Dataset items
━━━━━━━━━━━━━━━━
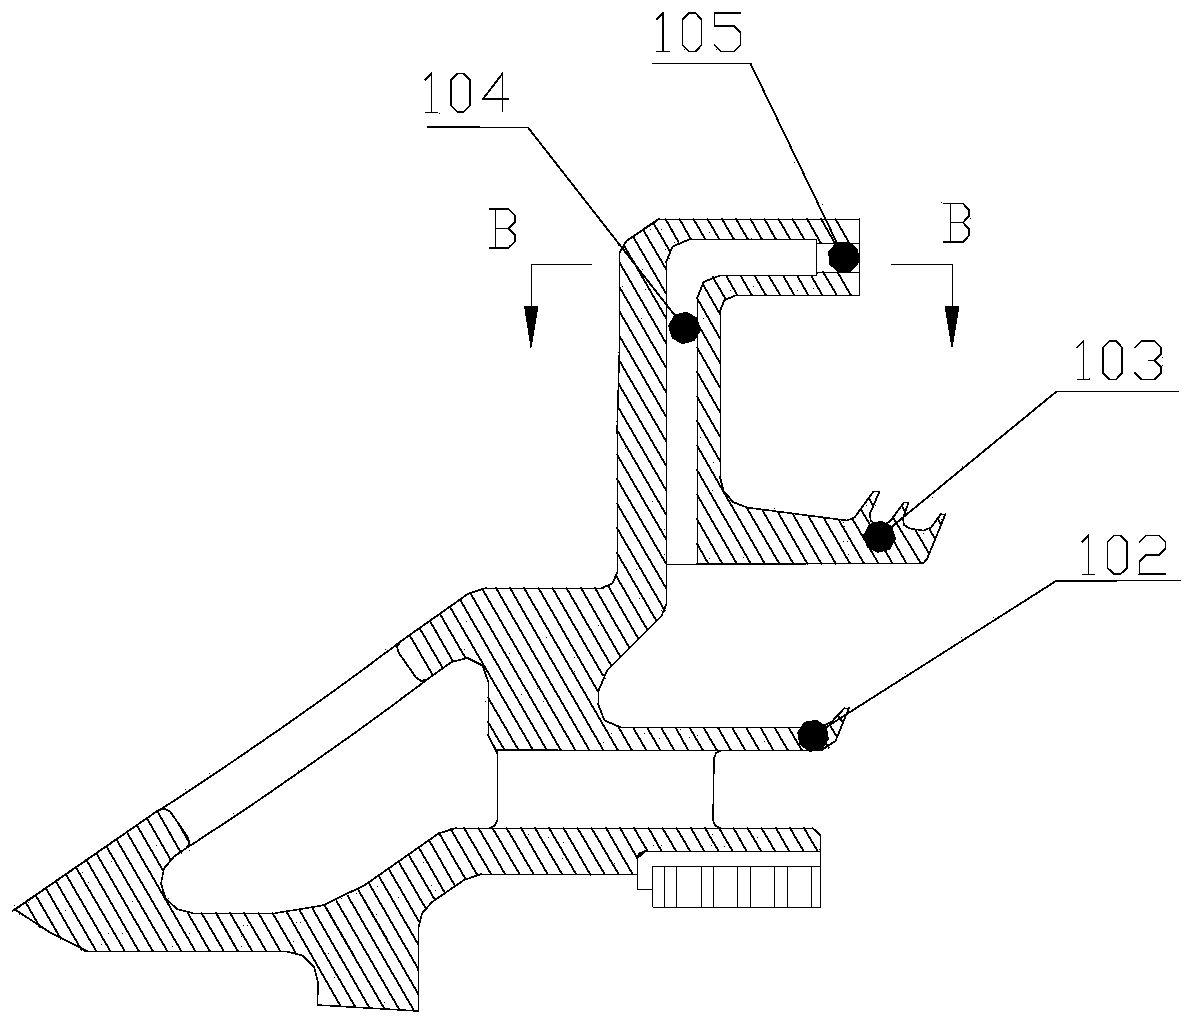 Turbine disk cavity sealing structure with bypass bleed air
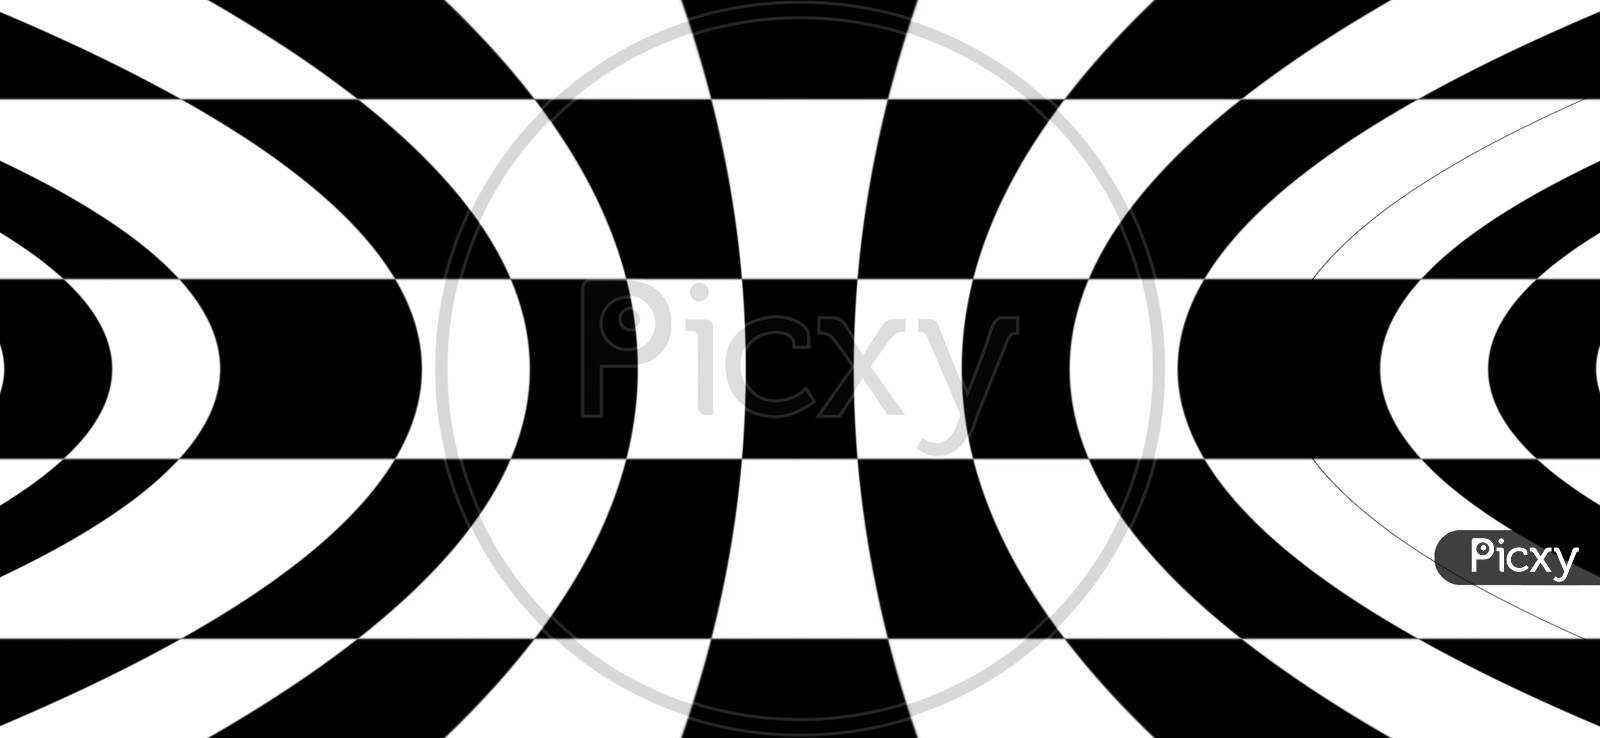 Abstract Lines Seamless Geometric Patterns Background - Geometric Pattern Circle - Abstract Geometric Pattern Squares With Seamless Patterns Background. Black And White Texture. Graphic Modern Pattern
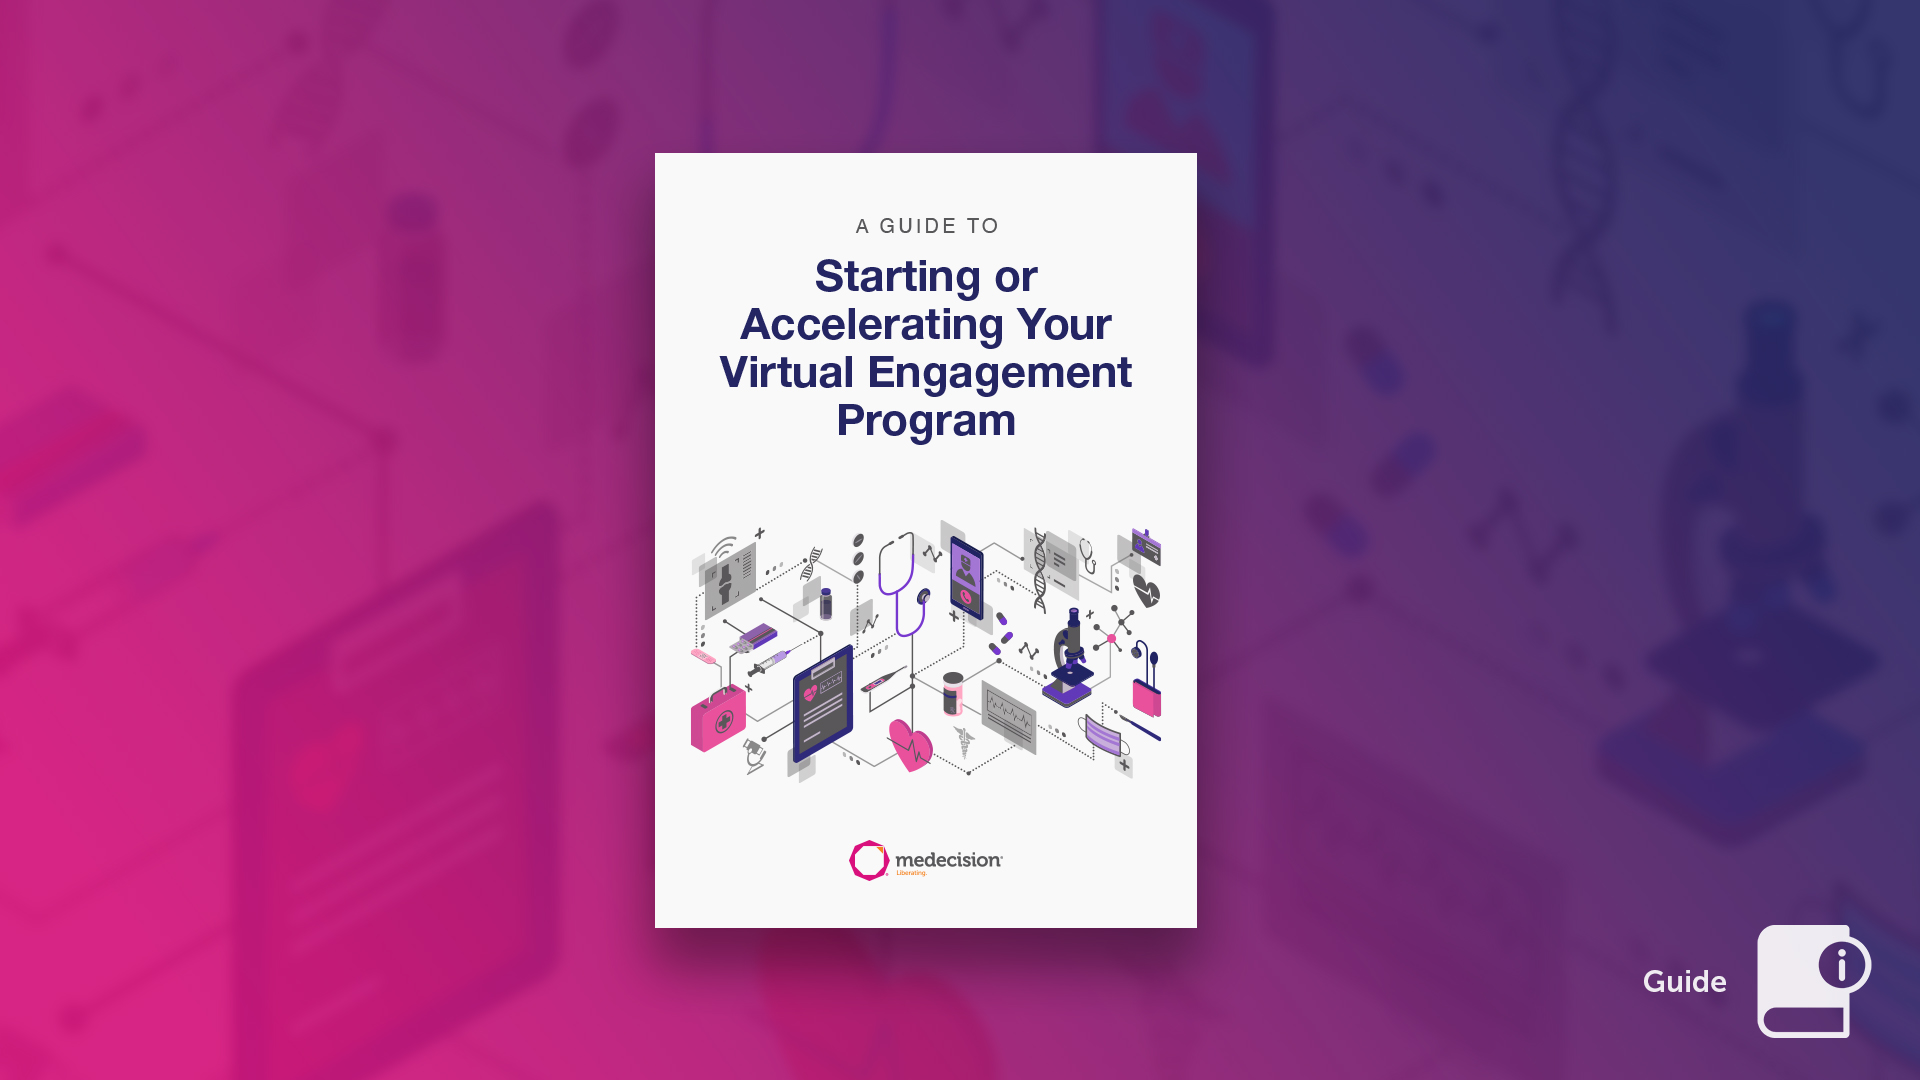 A Guide To Starting or Accelerating Your Virtual Engagement Program
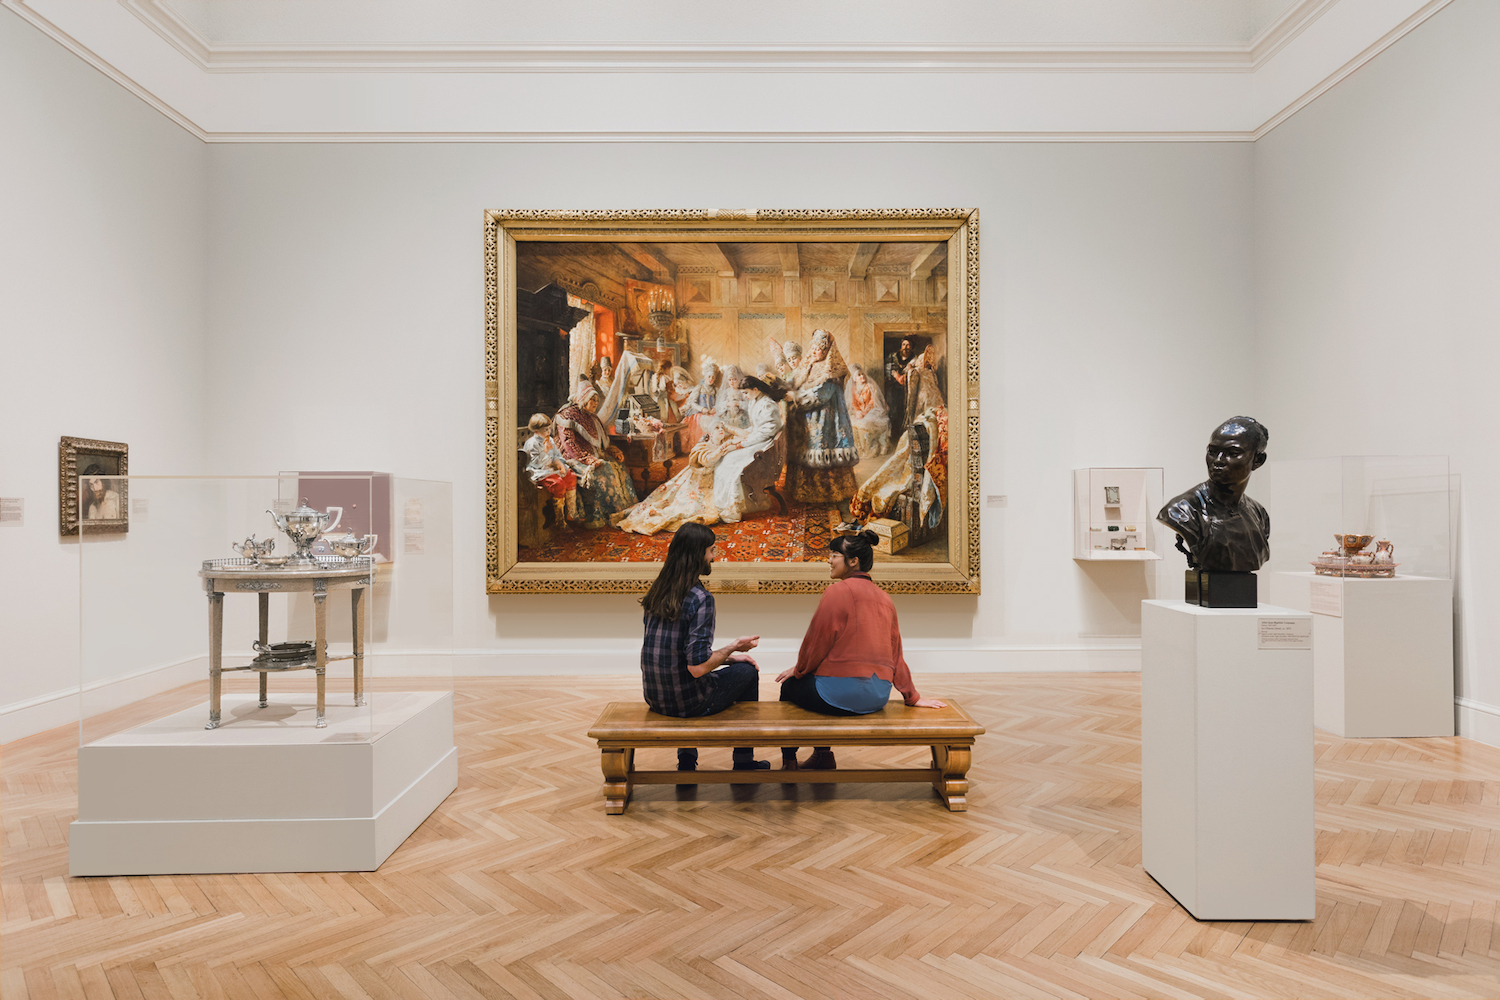 two people sitting on a bench in a museum talking and admiring a gold-framed painting
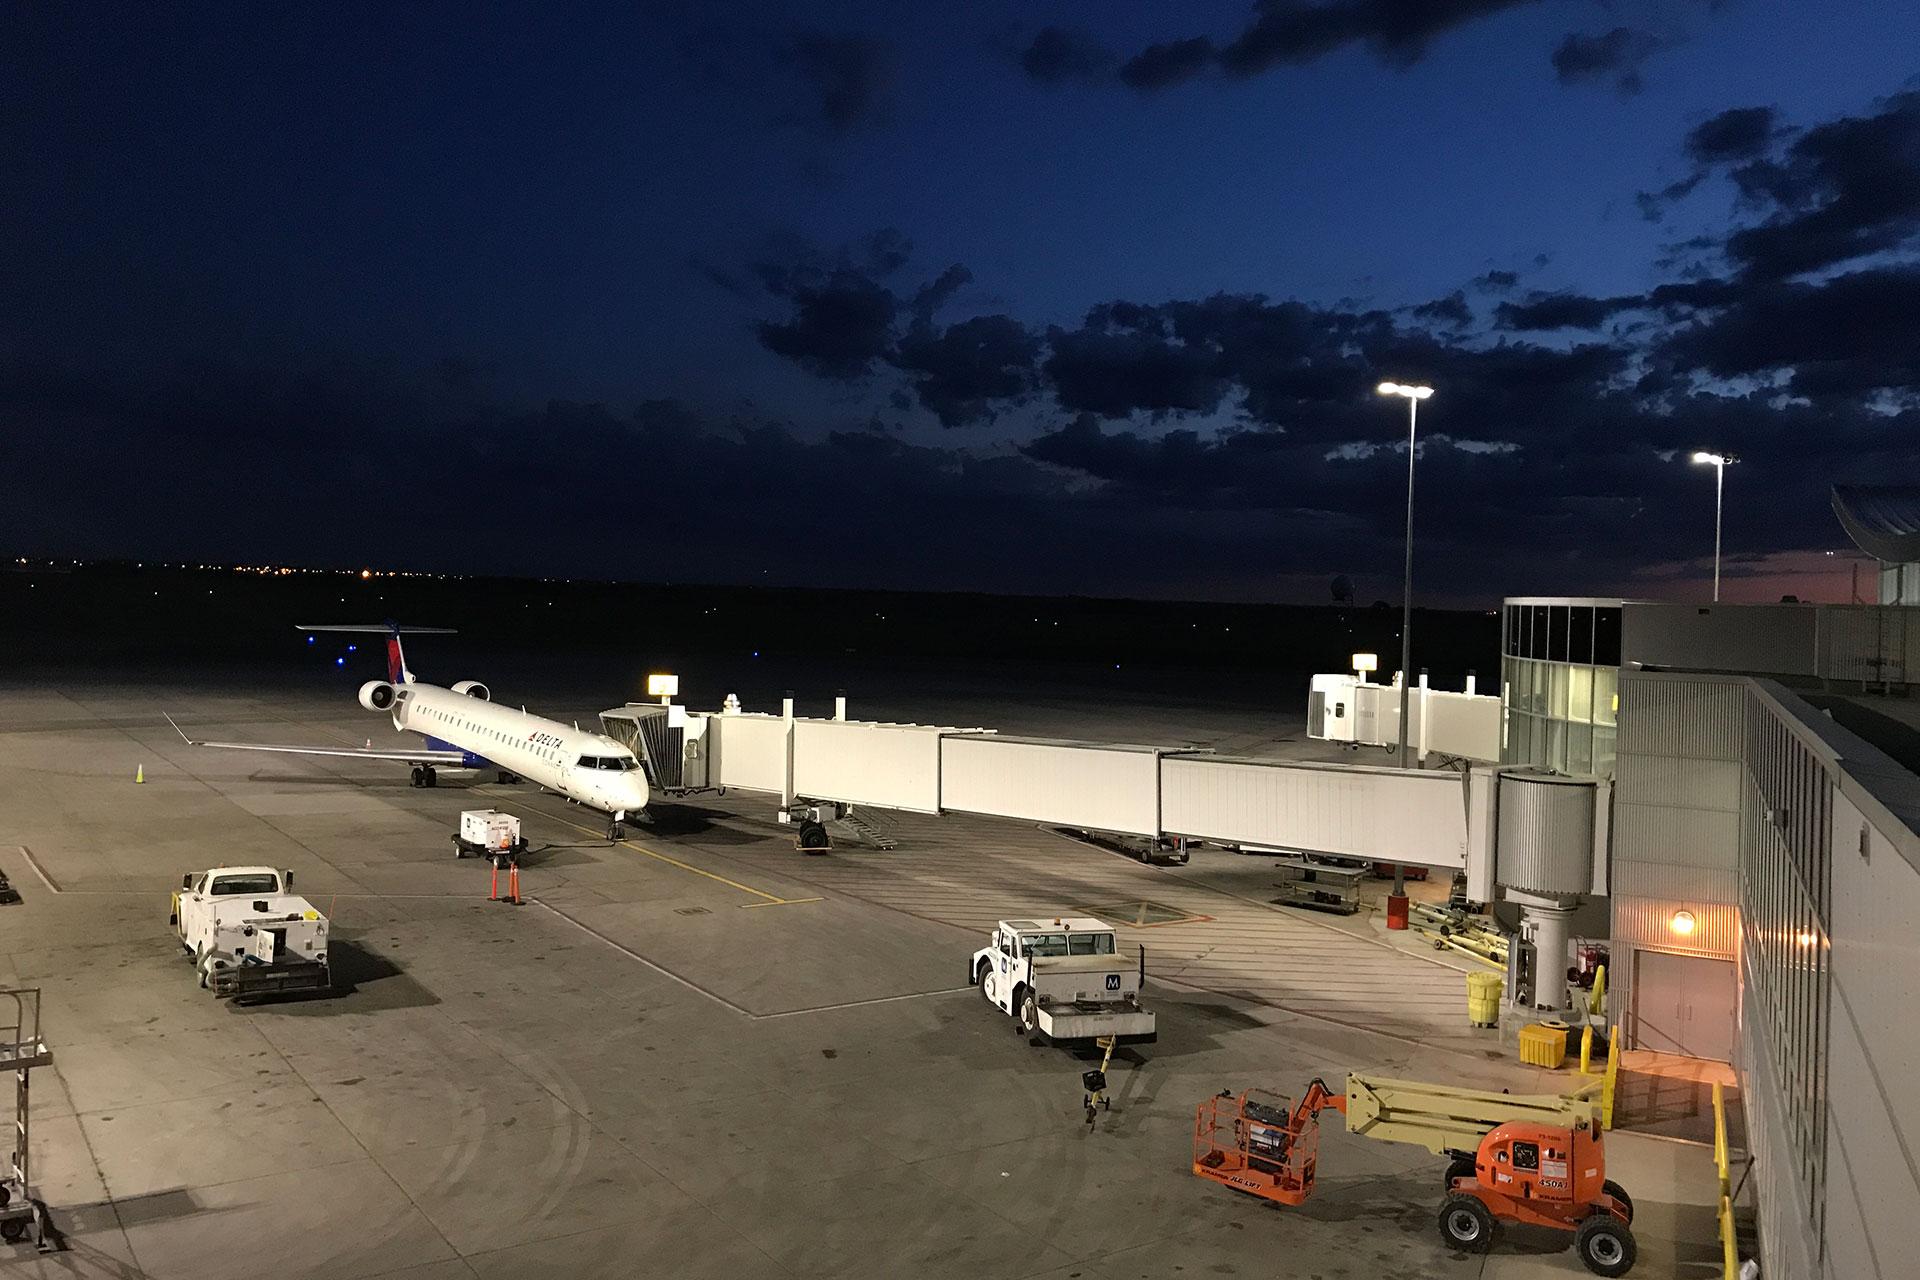 OMNIstar improves the quality of light to enhance safety for all while reducing the operating costs for Saskatoon airport
━━━━━━━━━━━━━━━━
Each line from the one holding "two people sitting" through the final line of the data needs to be transcribed exactly. Include both ends, skip the pictures, and add nothing.

**Final answer**
 two people sitting on a bench in a museum talking and admiring a gold-framed painting
 OMNIstar improves the quality of light to enhance safety for all while reducing the operating costs for Saskatoon airport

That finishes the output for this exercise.